▶ Given data:
============
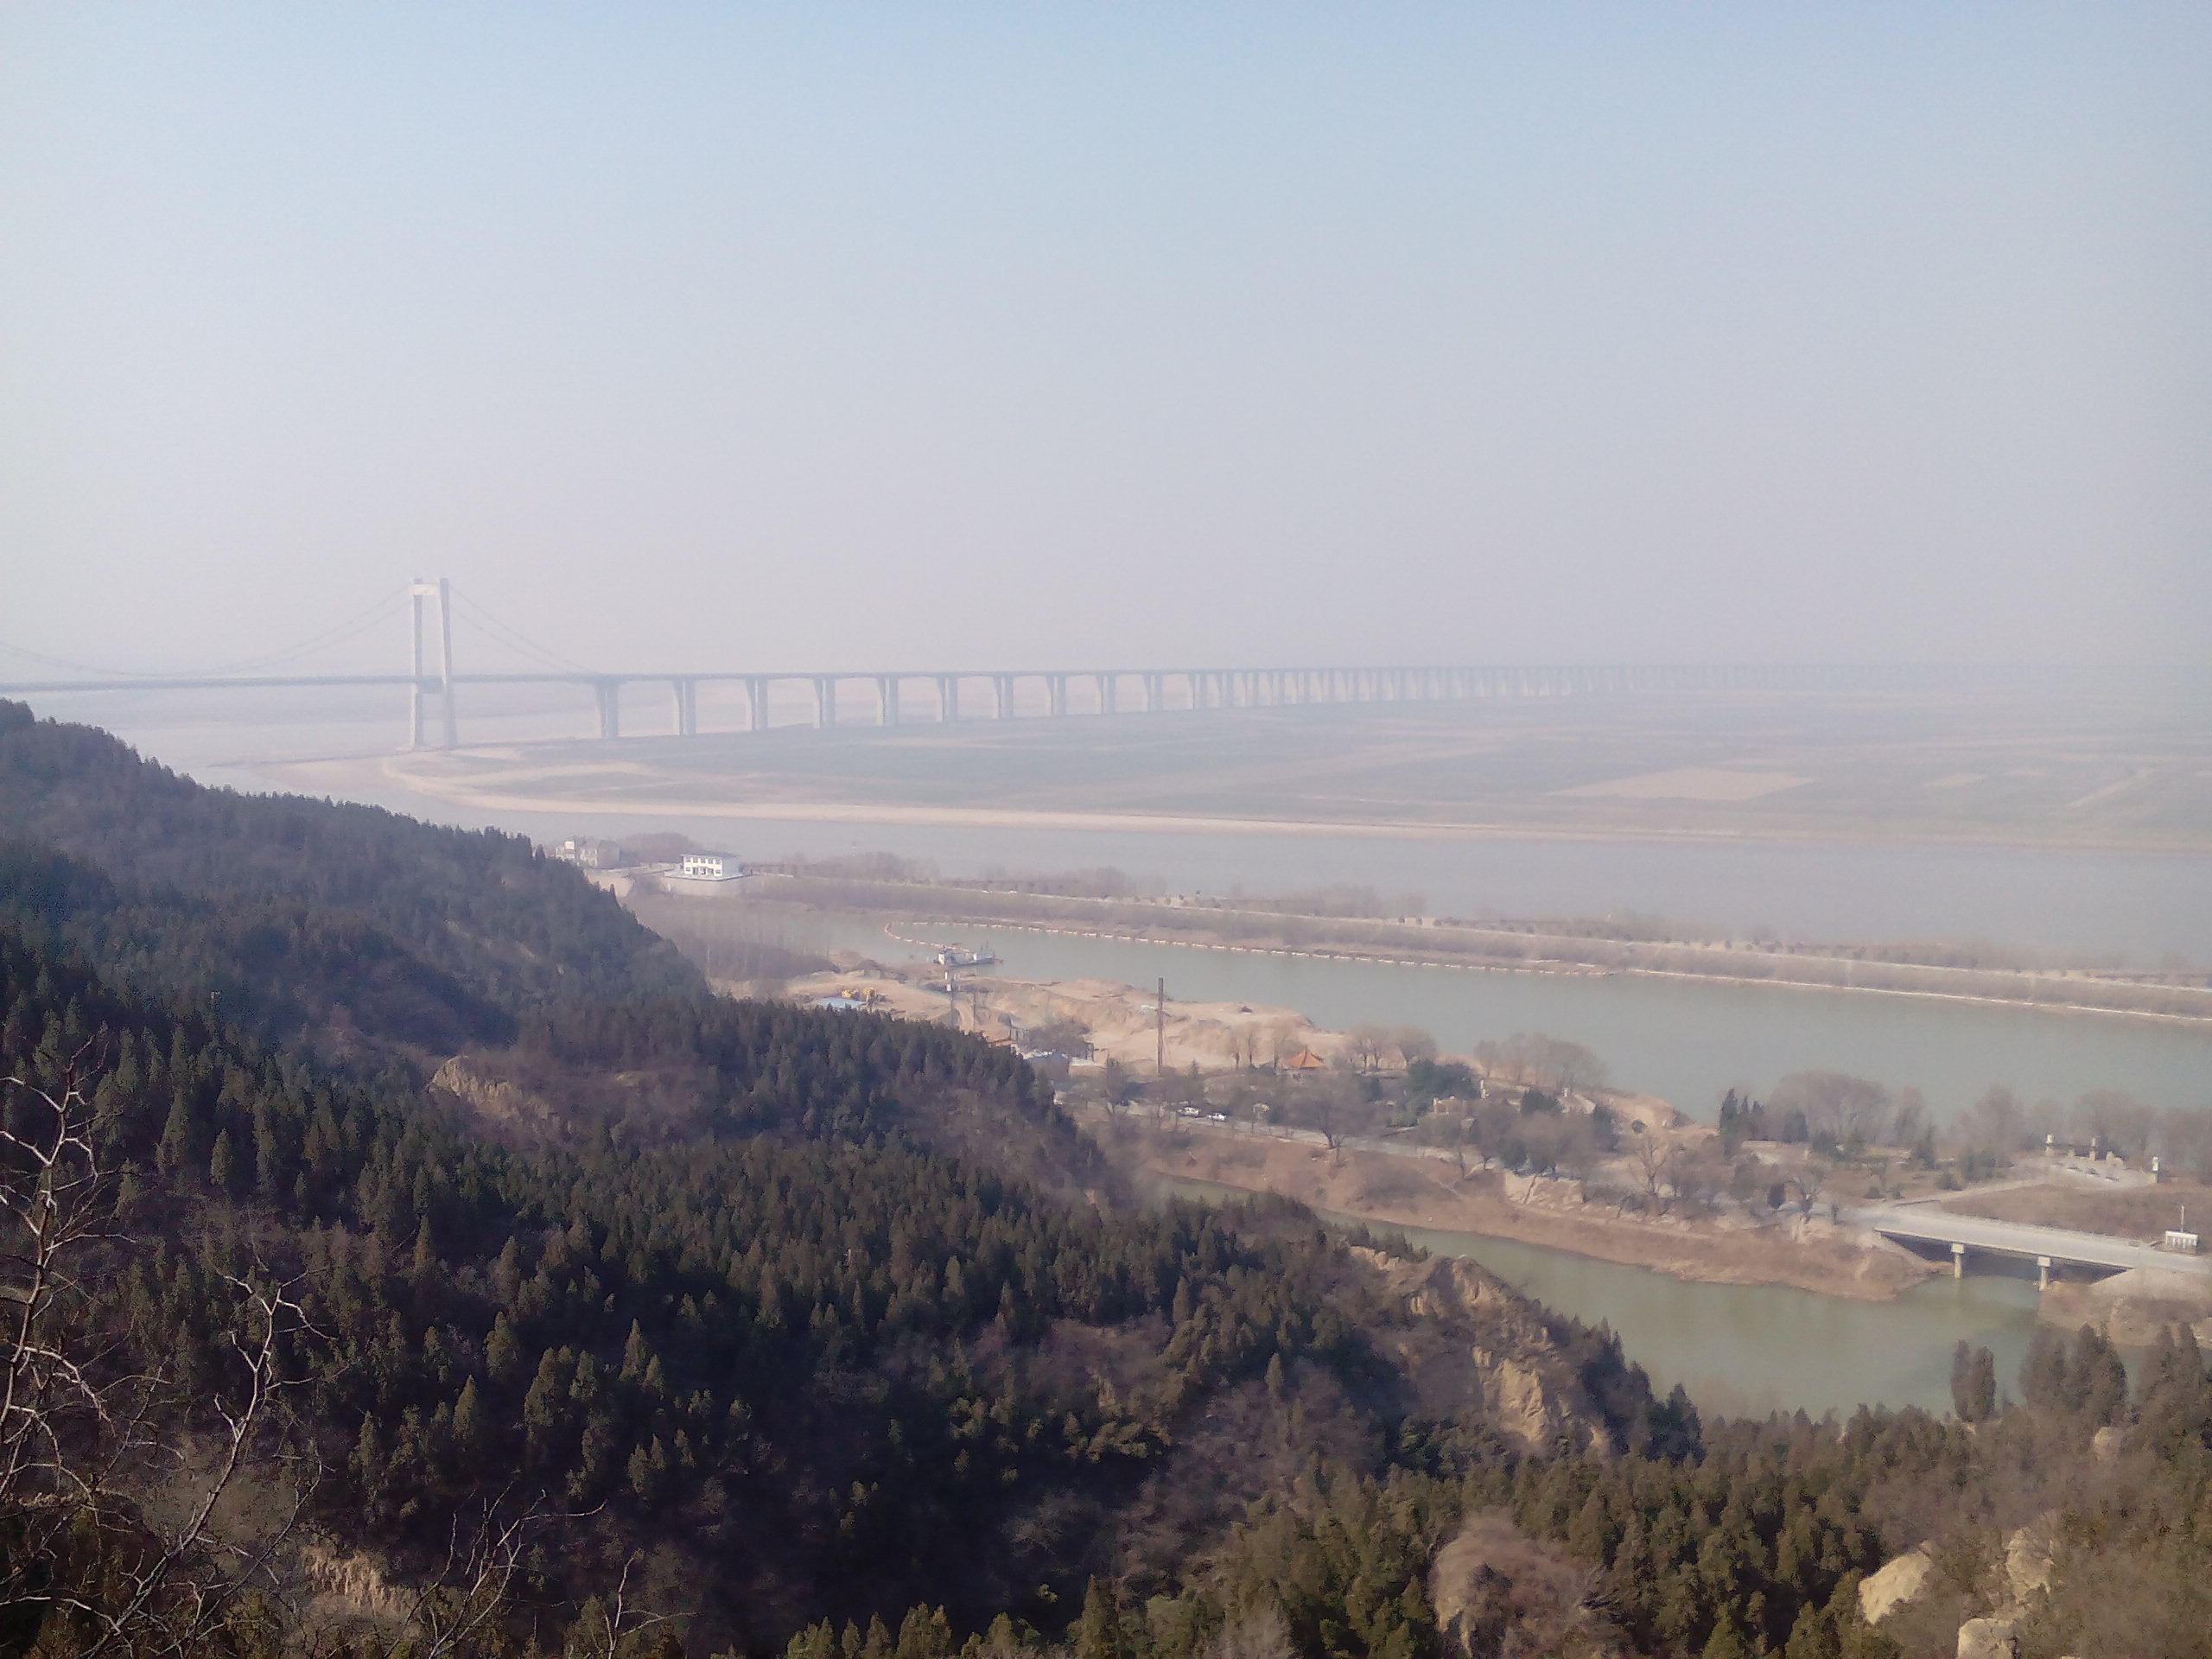 【携程攻略】郑州郑州黄河文化公园景点,这个景点的特点是：西面是山峰，来源于黄土高原，东面是平原，黄河水…
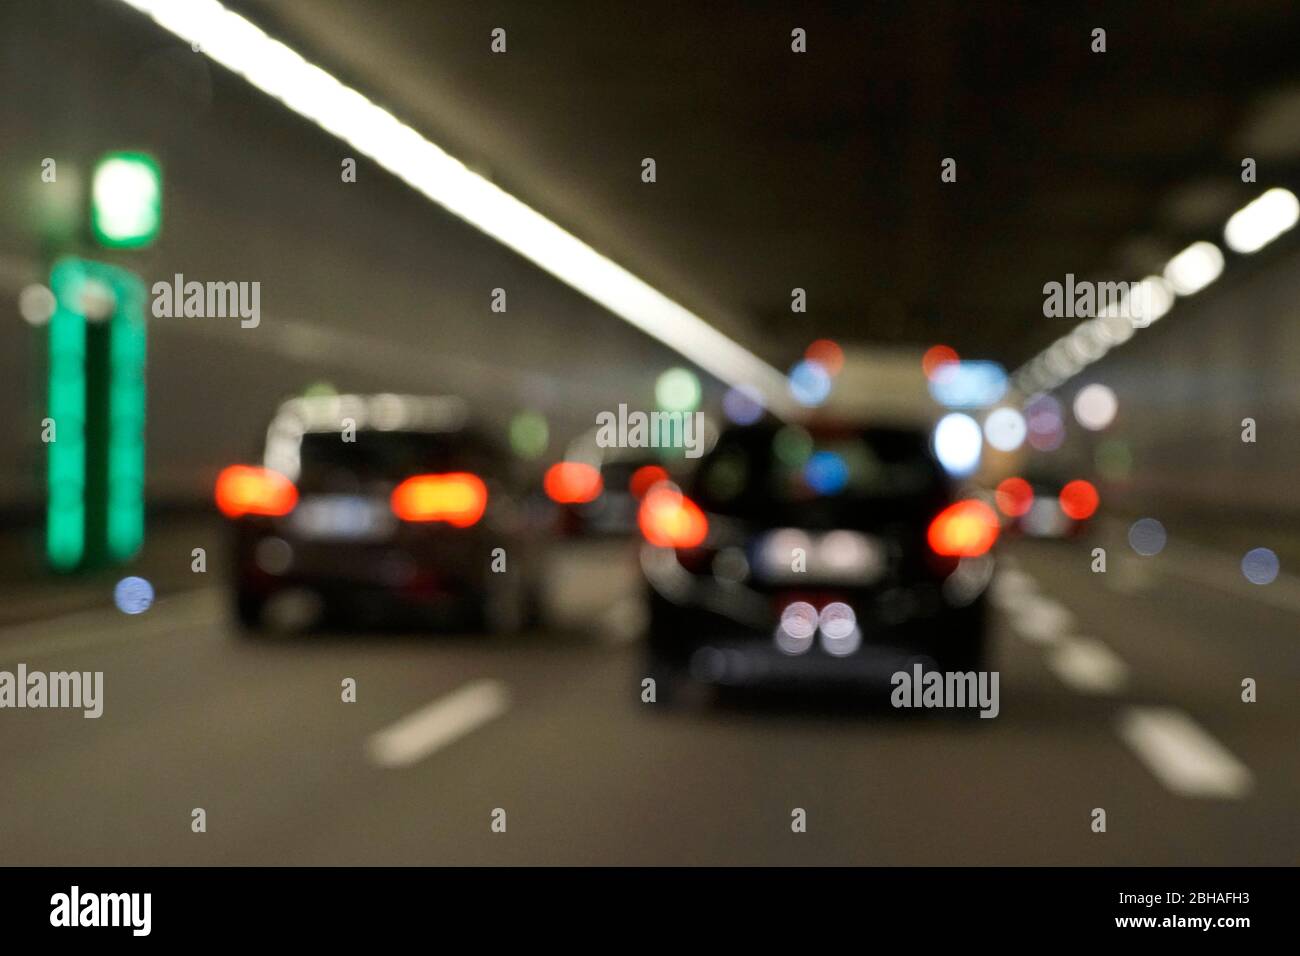 Deutschland, Bayern, München, Richard-Strauß-Straßentunnel, Verkehr, Autos, unscharf, verschwommen Stock Photo
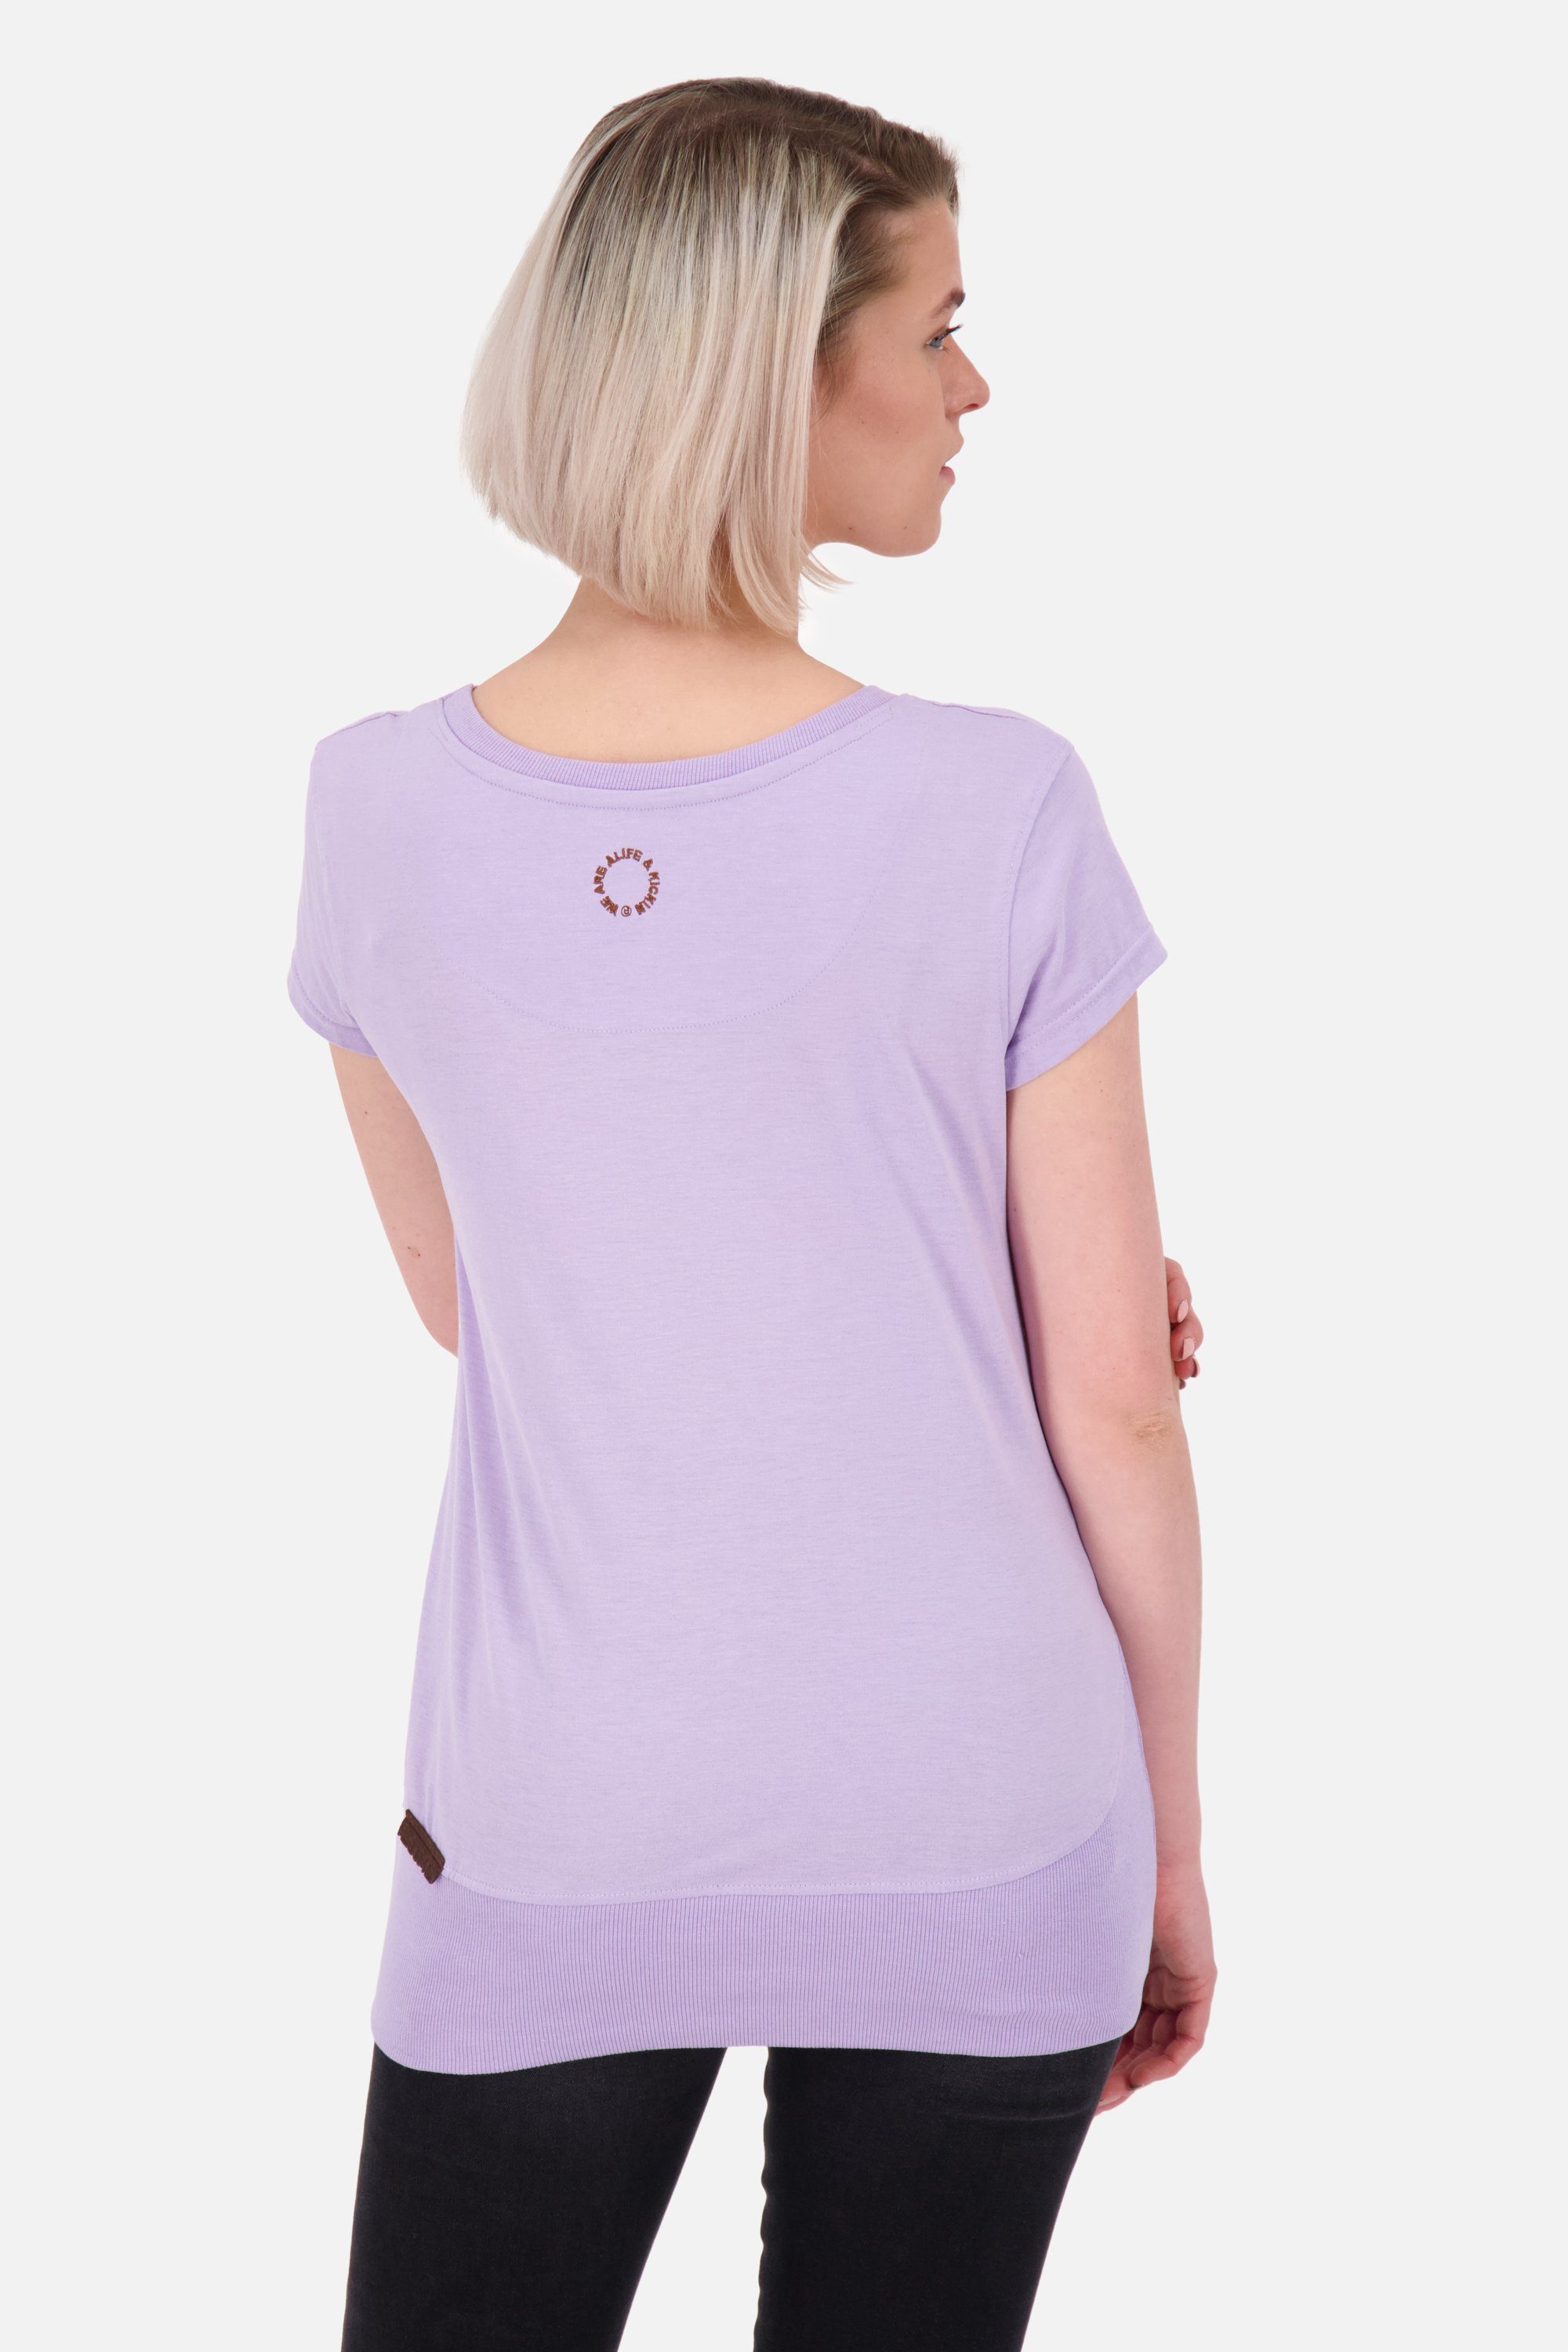 Alife & lavender Rundhalsshirt digital ClementinaAK A Kurzarmshirt, Shirt Shirt Damen melange Kickin
============
▶ Your objective:
Exact output of each line above is wanted, without the pictures.

▶ Completed task:
 【携程攻略】郑州郑州黄河文化公园景点,这个景点的特点是：西面是山峰，来源于黄土高原，东面是平原，黄河水…
 Deutschland, Bayern, München, Richard-Strauß-Straßentunnel, Verkehr, Autos, unscharf, verschwommen Stock Photo
 Alife & lavender Rundhalsshirt digital ClementinaAK A Kurzarmshirt, Shirt Shirt Damen melange Kickin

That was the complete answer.